R and S-PLUS use prefixes and bases to denote functions related to a distribution. The prefixes are d, p, q, and r. The bases are the name of the distribution family such as norm for the normal distribution.

The prefix d is for density, i.e. PDF.

The prefix p is for CDF (cumulative density function), unless the argument lower.tail = FALSE is supplied, in which case it turns into the CCDF (complementary CDF).

The prefix q is for the CDF inverse, unless the argument lower.tail = FALSE is
supplied, in which case it turns into the CCDF inverse.

The prefix r is for random sample.

The first argument to a distribution-related function is the ostensible argument. Next come the distribution parameters followed by other options.


pnorm(0.77, 0, 2.1) computes FX(0.77) where X is a normal random variable with mean 0 and standard deviation 2.1 and FX is its CDF.

dbeta(0.7, 2.1, 3.4) computes fX(0.7) where X is a beta random variable with parameters 2.1 and 3.4 and fX is its PDF.

qgamma(0.1, 3.1, 1.0, lower.tail = FALSE) finds a value y so that P(Y > y) = 0.1 where Y has a gamma distribution with shape 3.1 and scale 1.

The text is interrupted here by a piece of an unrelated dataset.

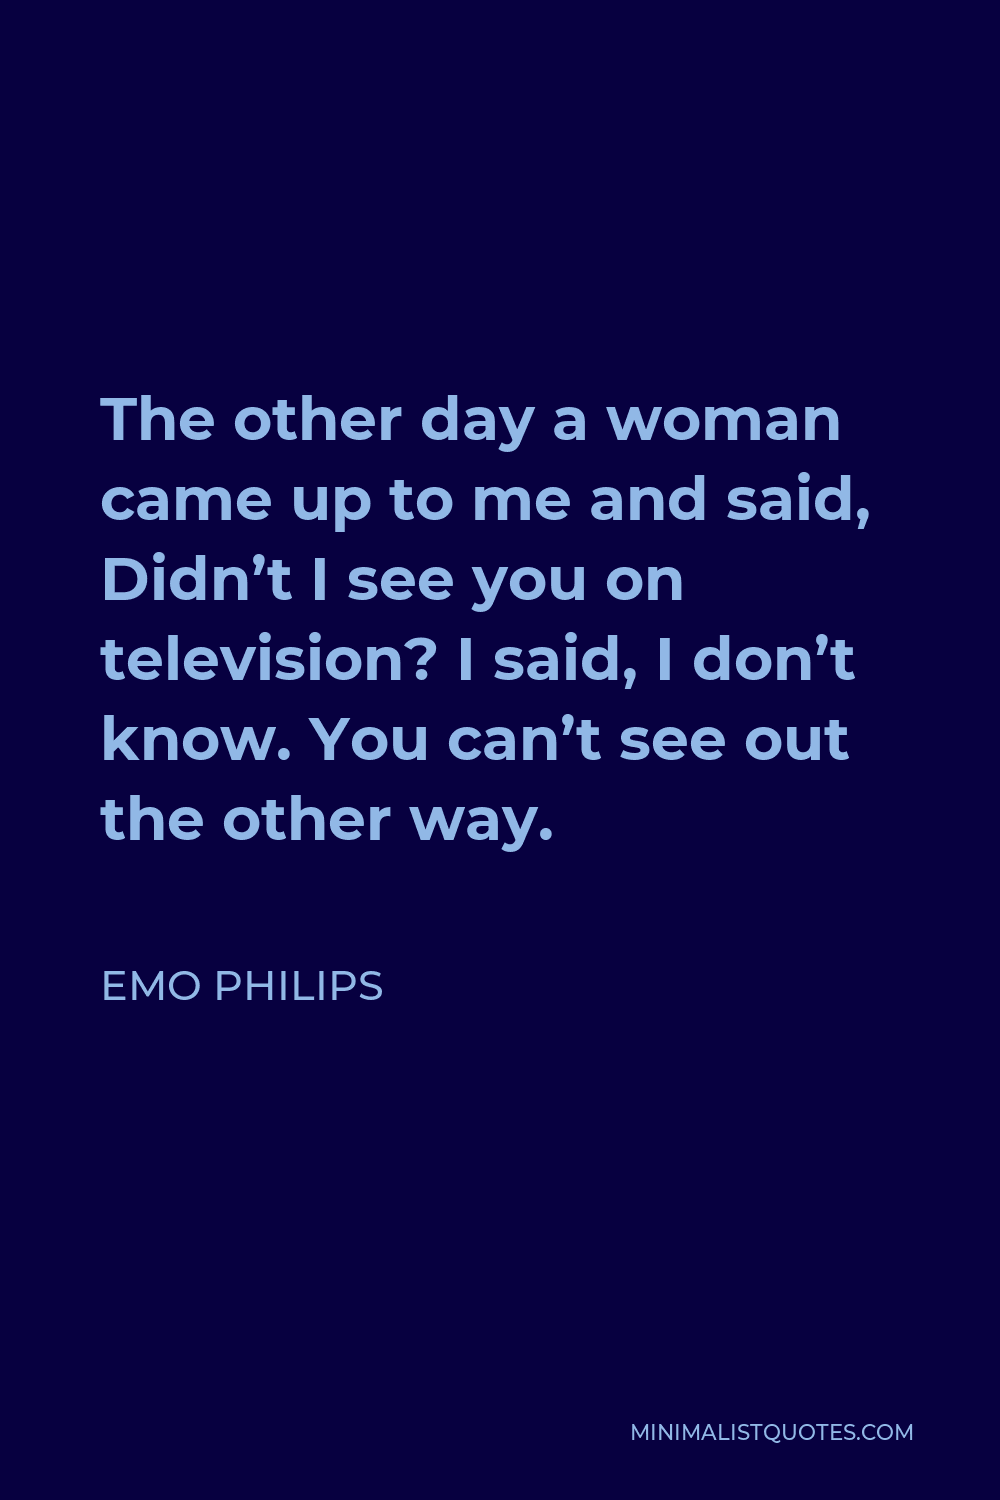 Emo Philips Quote - The other day a woman came up to me and said, Didn’t I see you on television? I said, I don’t know. You can’t see out the other way.
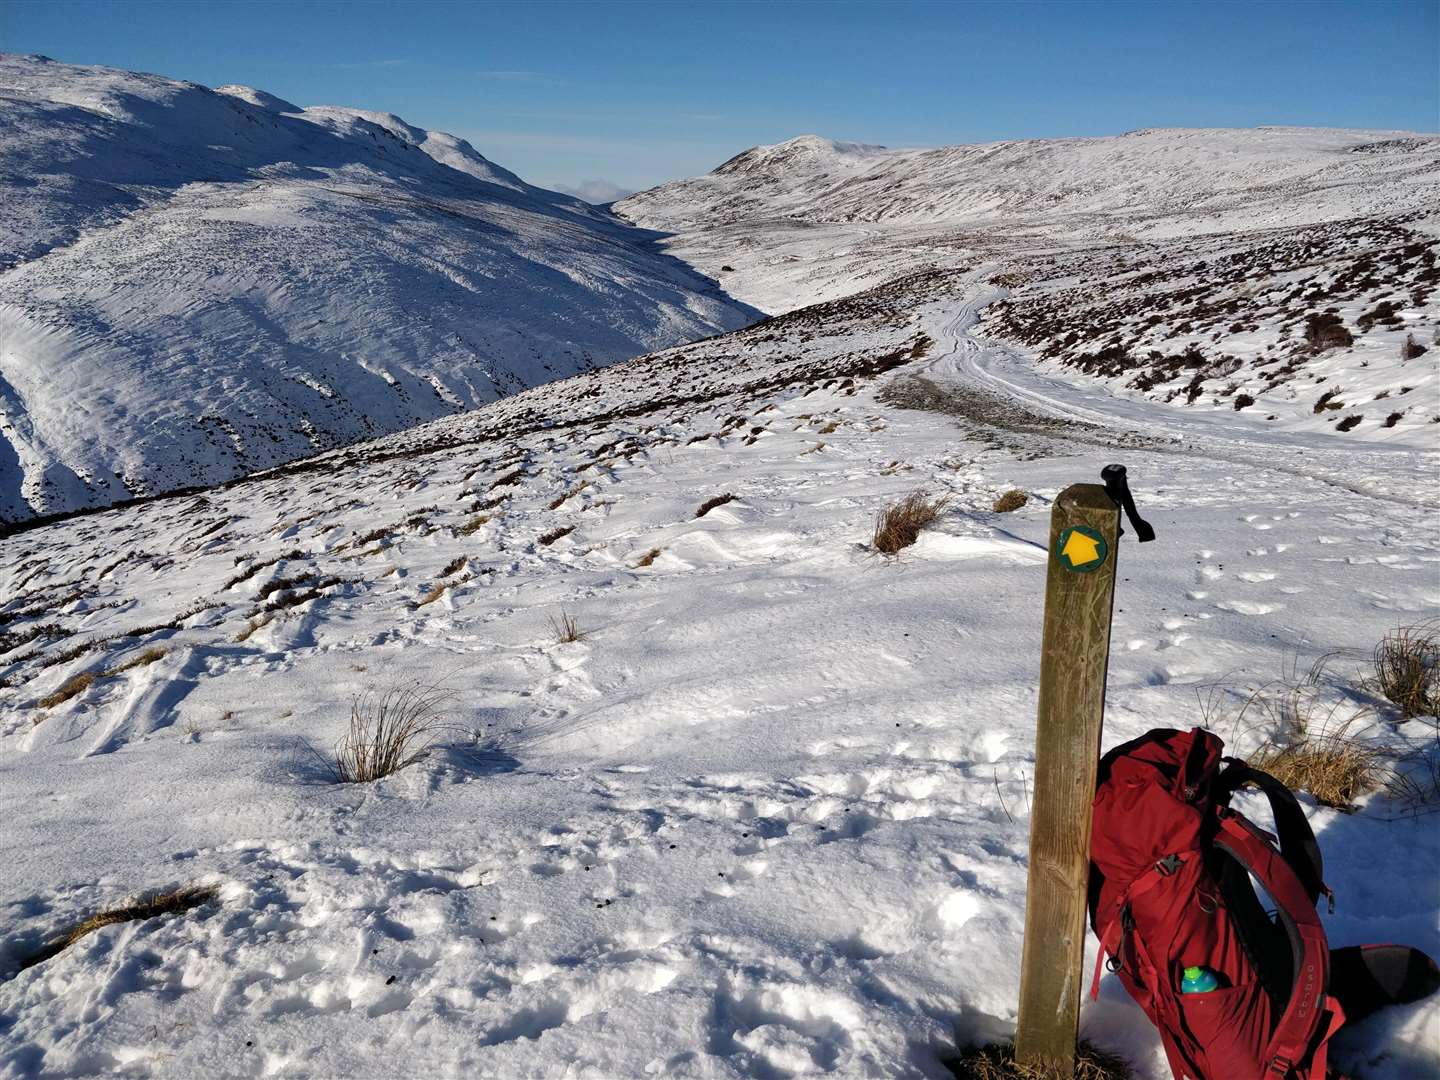 Hill walkers and mountaineers are being urged to take extra care in the coming weeks.

Distributions and parameterizations

Distribution Base name    Parameters
beta beta shape1, shape2
binomial binom size, prob
Cauchy cauchy location, scale
chi-squared chisq df
exponential exp rate
F f df1, df2
gamma gamma shape, rate
geometric geom p
hypergeometric hyper m, n, k
log-normal lnorm meanlog, sdlog
logistic logis location, scale
negative binomial nbinom size, prob
normal norm mean, sd
Poisson pois lambda
Student t t df
uniform unif min, max
Weibull weibull shape, scale

Note that the exponential is parameterized in terms of the rate, the reciprocal of the mean.

The gamma can be parameterized by its shape and either the rate or the scale. The rate is the default argument by position, but you can specify the scale by name.

The hypergeometric distribution gives the probability of various numbers of red balls when k balls are taken from an urn containing m red balls and n blue balls. Note that another popular convention uses the number of red balls and the total number of balls m+n.

Note that the parameters for the log-normal are the mean and standard deviation of the log of the distribution, not the mean and standard deviation of the distribution itself.